# [What you have to do]
Pictures aside, the data must be reproduced exactly.

# [Exercise data]
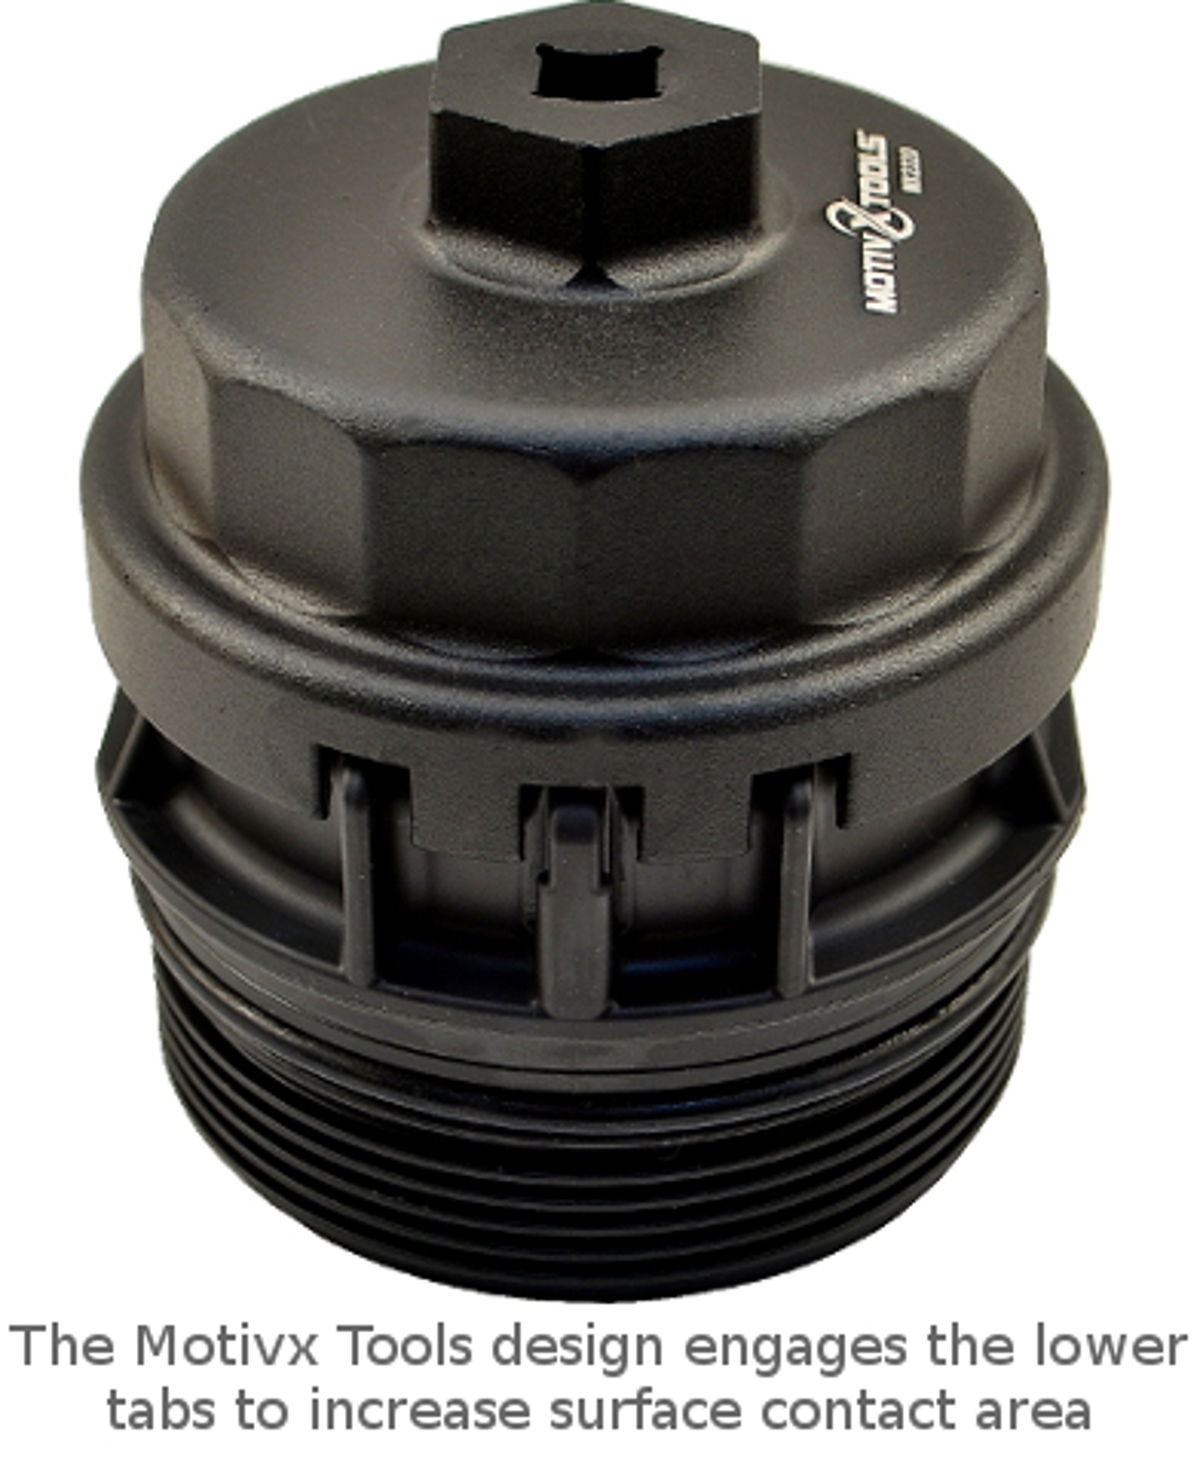 64mm Oil Filter Cap Wrench Socket Remover Housing Tool For Toyota RAV4 Lexus
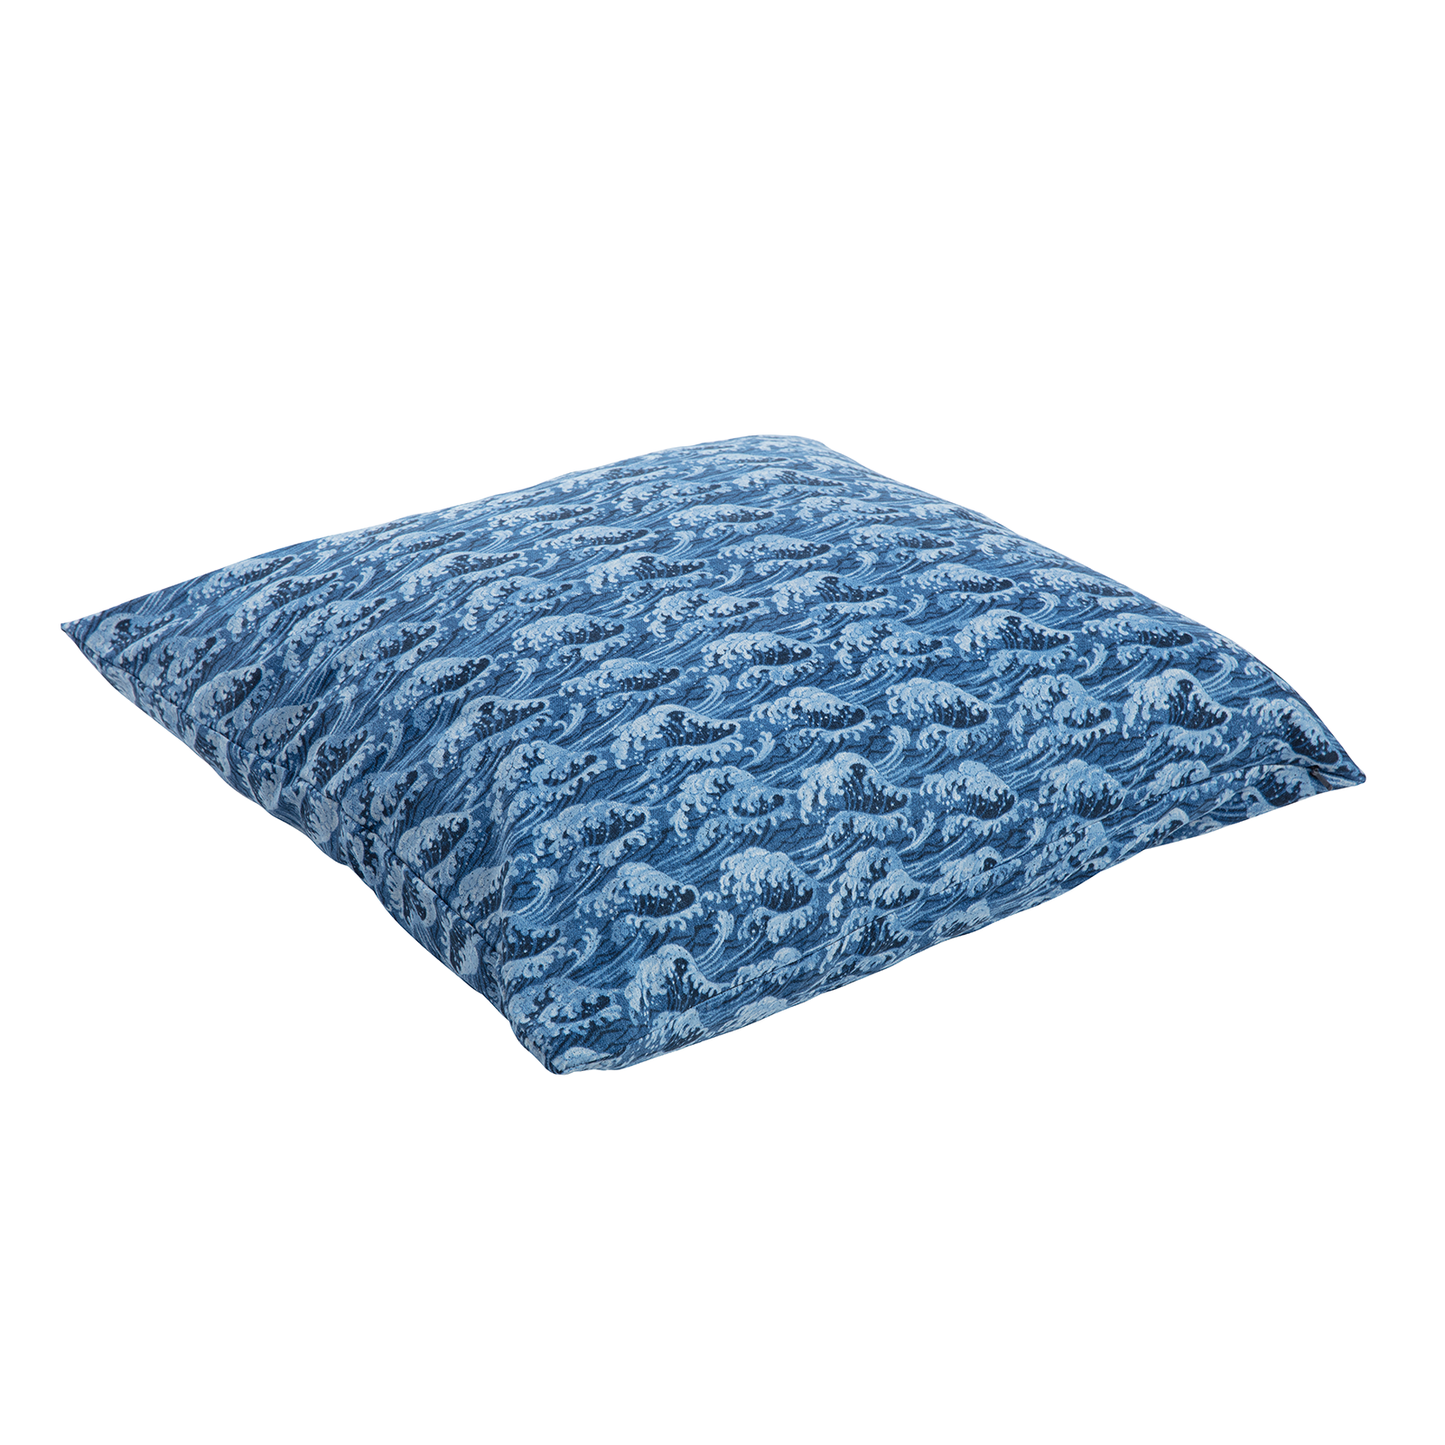 J-Life Jumbo Tidal Wave Blue Zabuton Floor Pillow
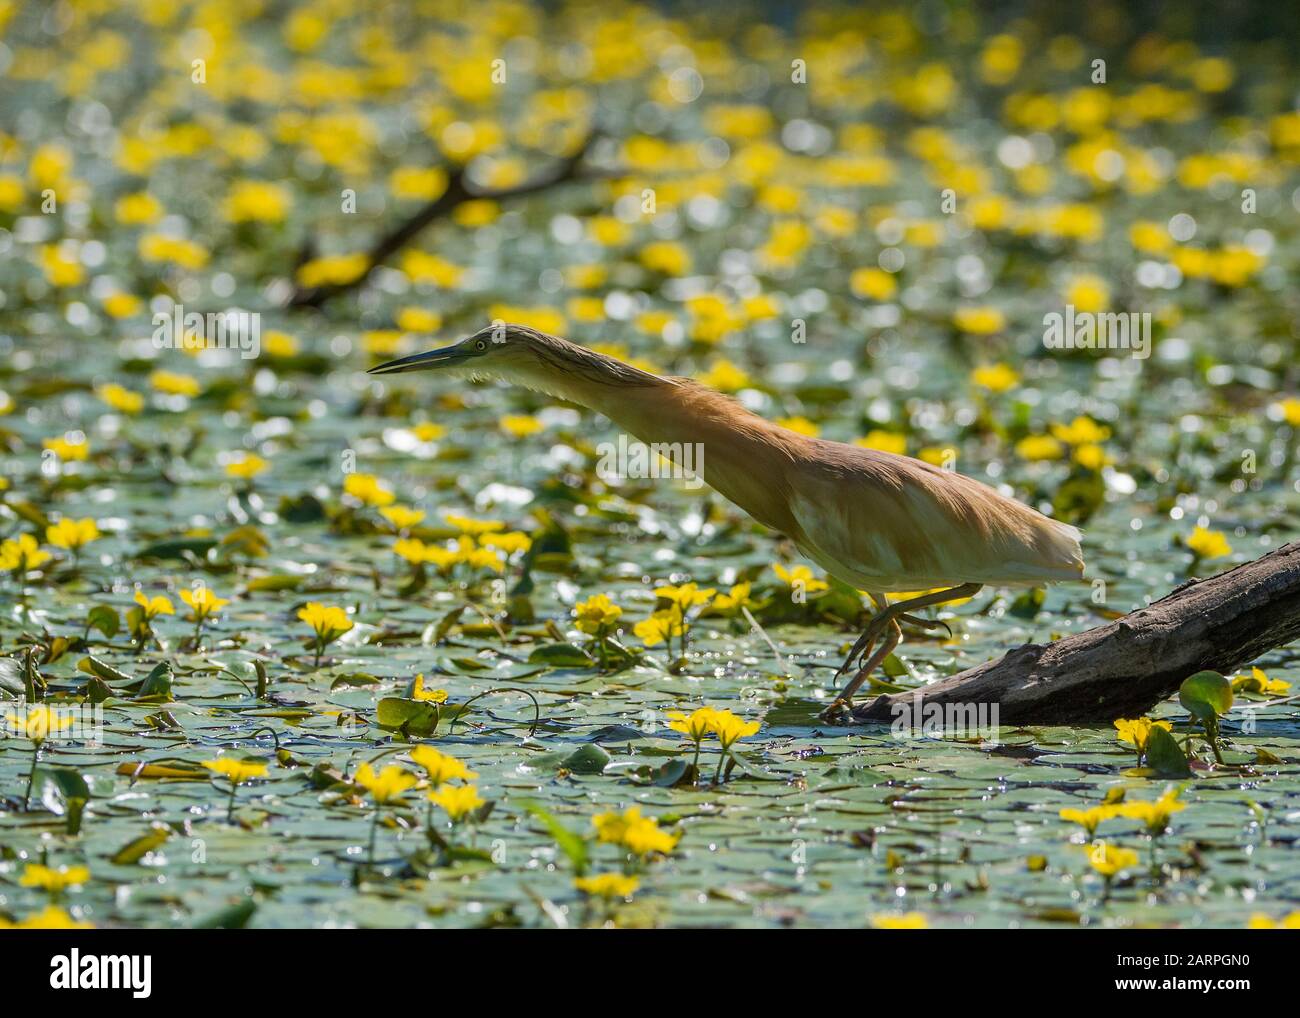 Squacco heron (Ardeola ralloides), caccia in laguna circondata da un cuore giallo galleggiante (Nymphoides peltata), Parco Nazionale Hortobágy, Ungheria Foto Stock
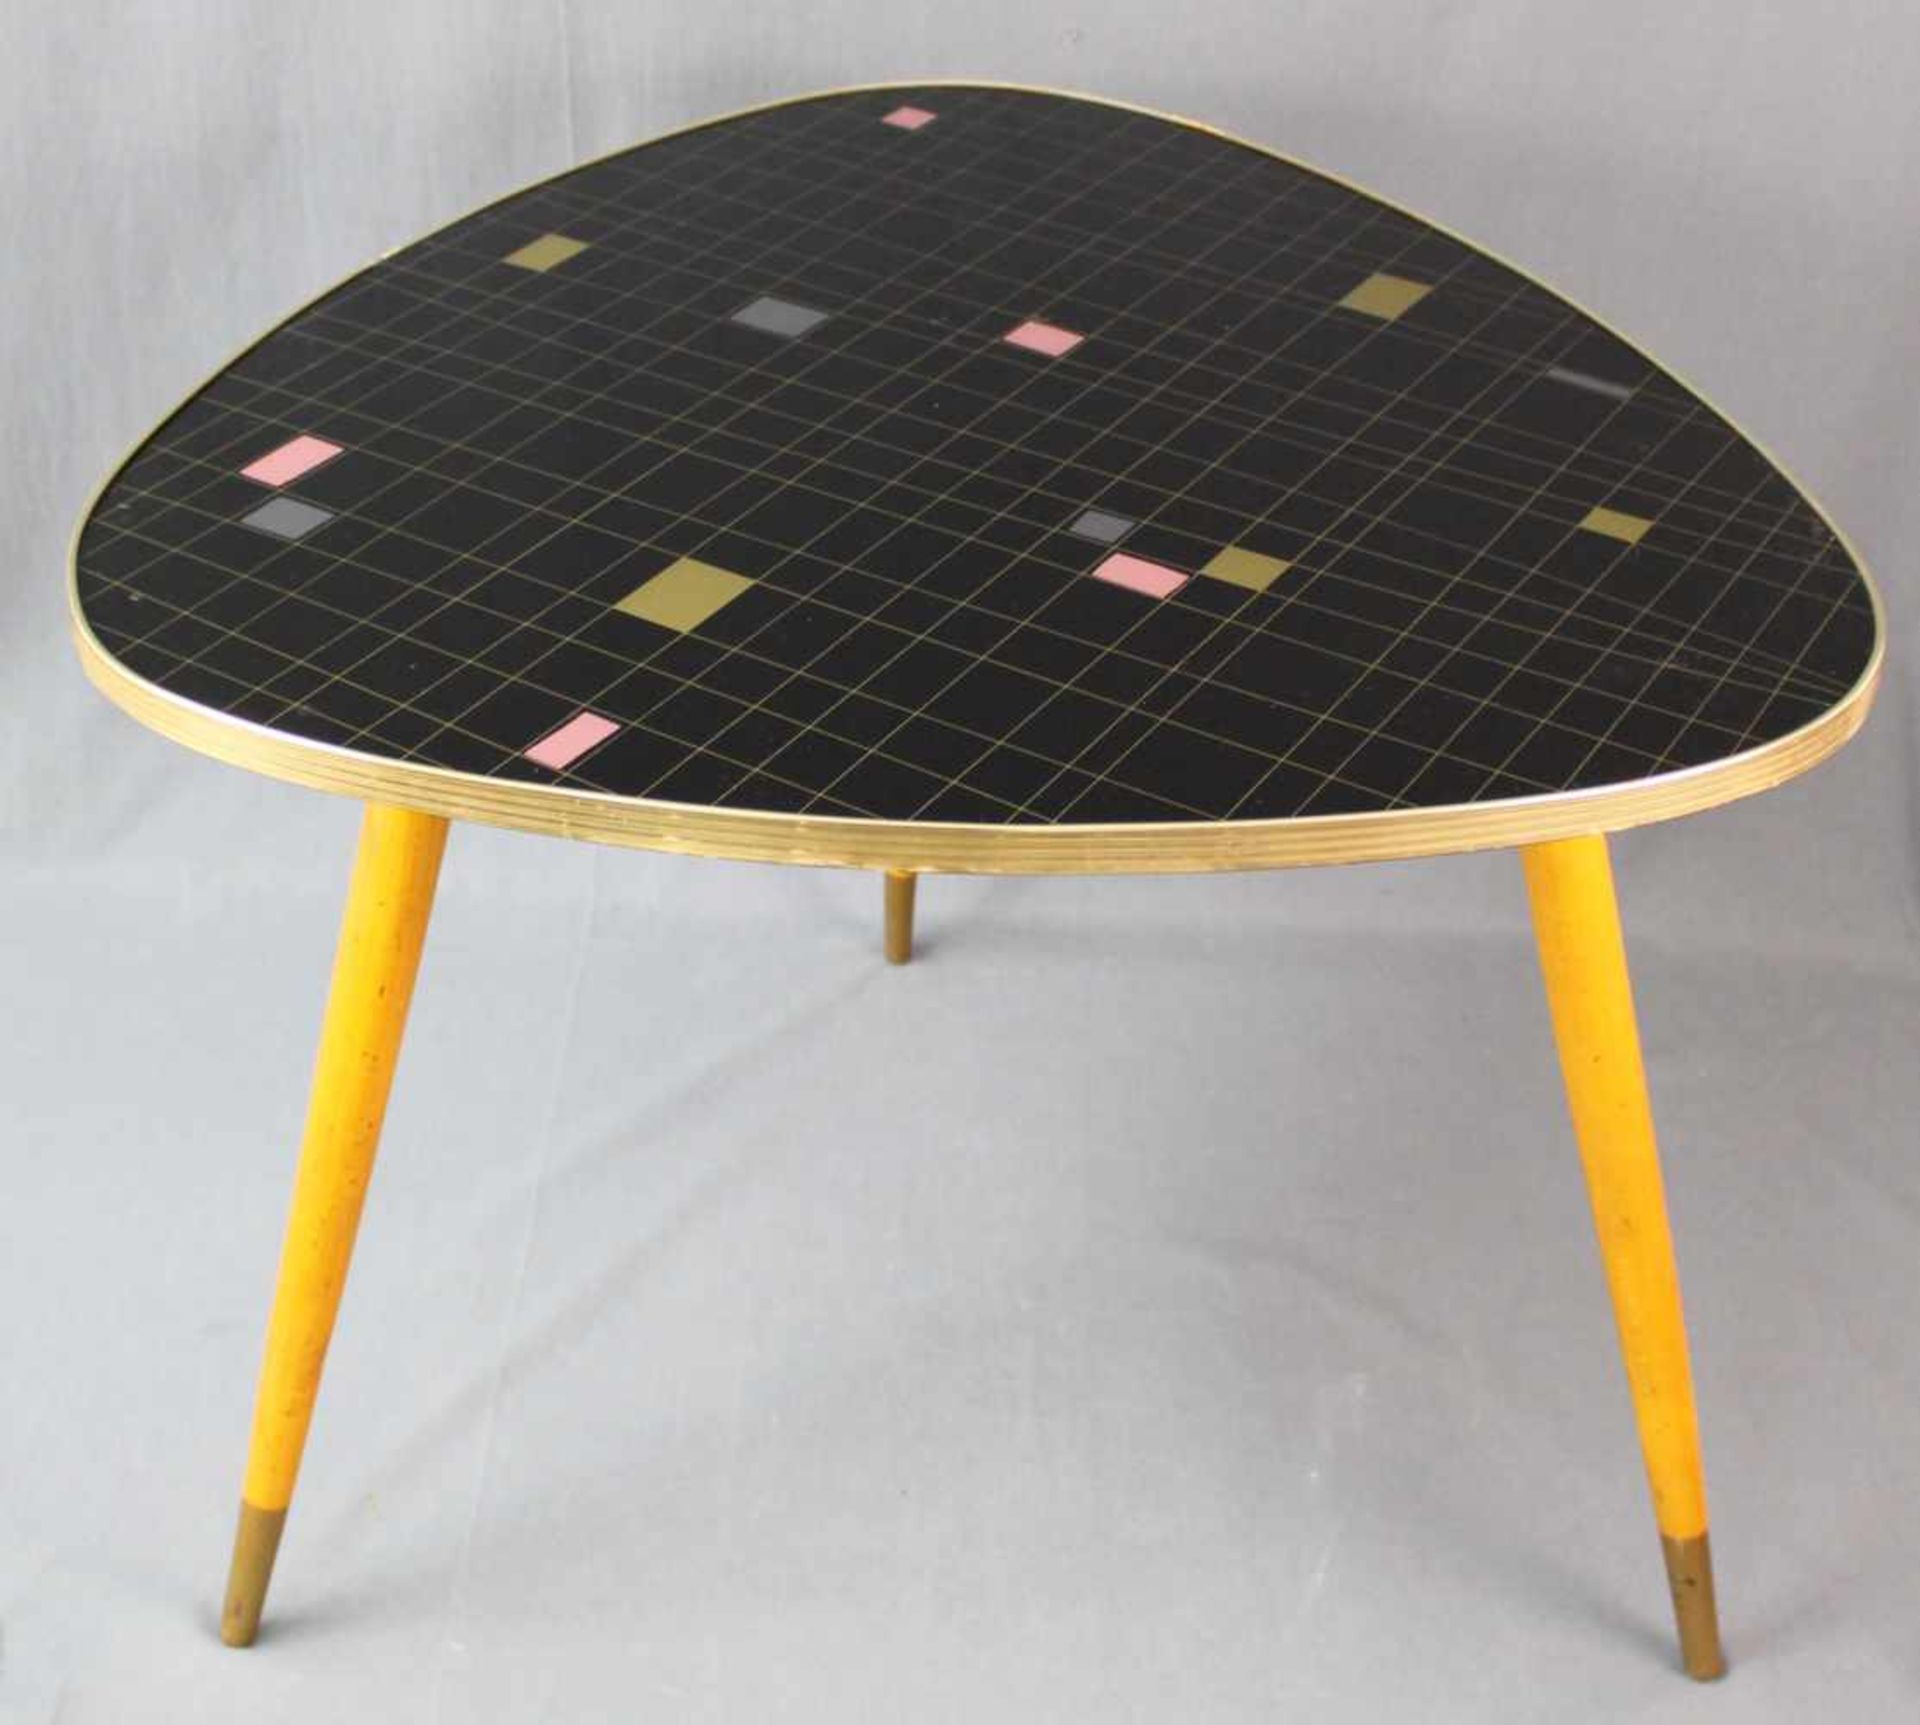 Beistelltisch, Design. Bunte Ausführung. Um 1970. 70 cm x 70 cm, 60 cm. Side table, design. 70 cm

# [Task response]
 64mm Oil Filter Cap Wrench Socket Remover Housing Tool For Toyota RAV4 Lexus
 J-Life Jumbo Tidal Wave Blue Zabuton Floor Pillow
 Squacco heron (Ardeola ralloides), caccia in laguna circondata da un cuore giallo galleggiante (Nymphoides peltata), Parco Nazionale Hortobágy, Ungheria Foto Stock
 Beistelltisch, Design. Bunte Ausführung. Um 1970. 70 cm x 70 cm, 60 cm. Side table, design. 70 cm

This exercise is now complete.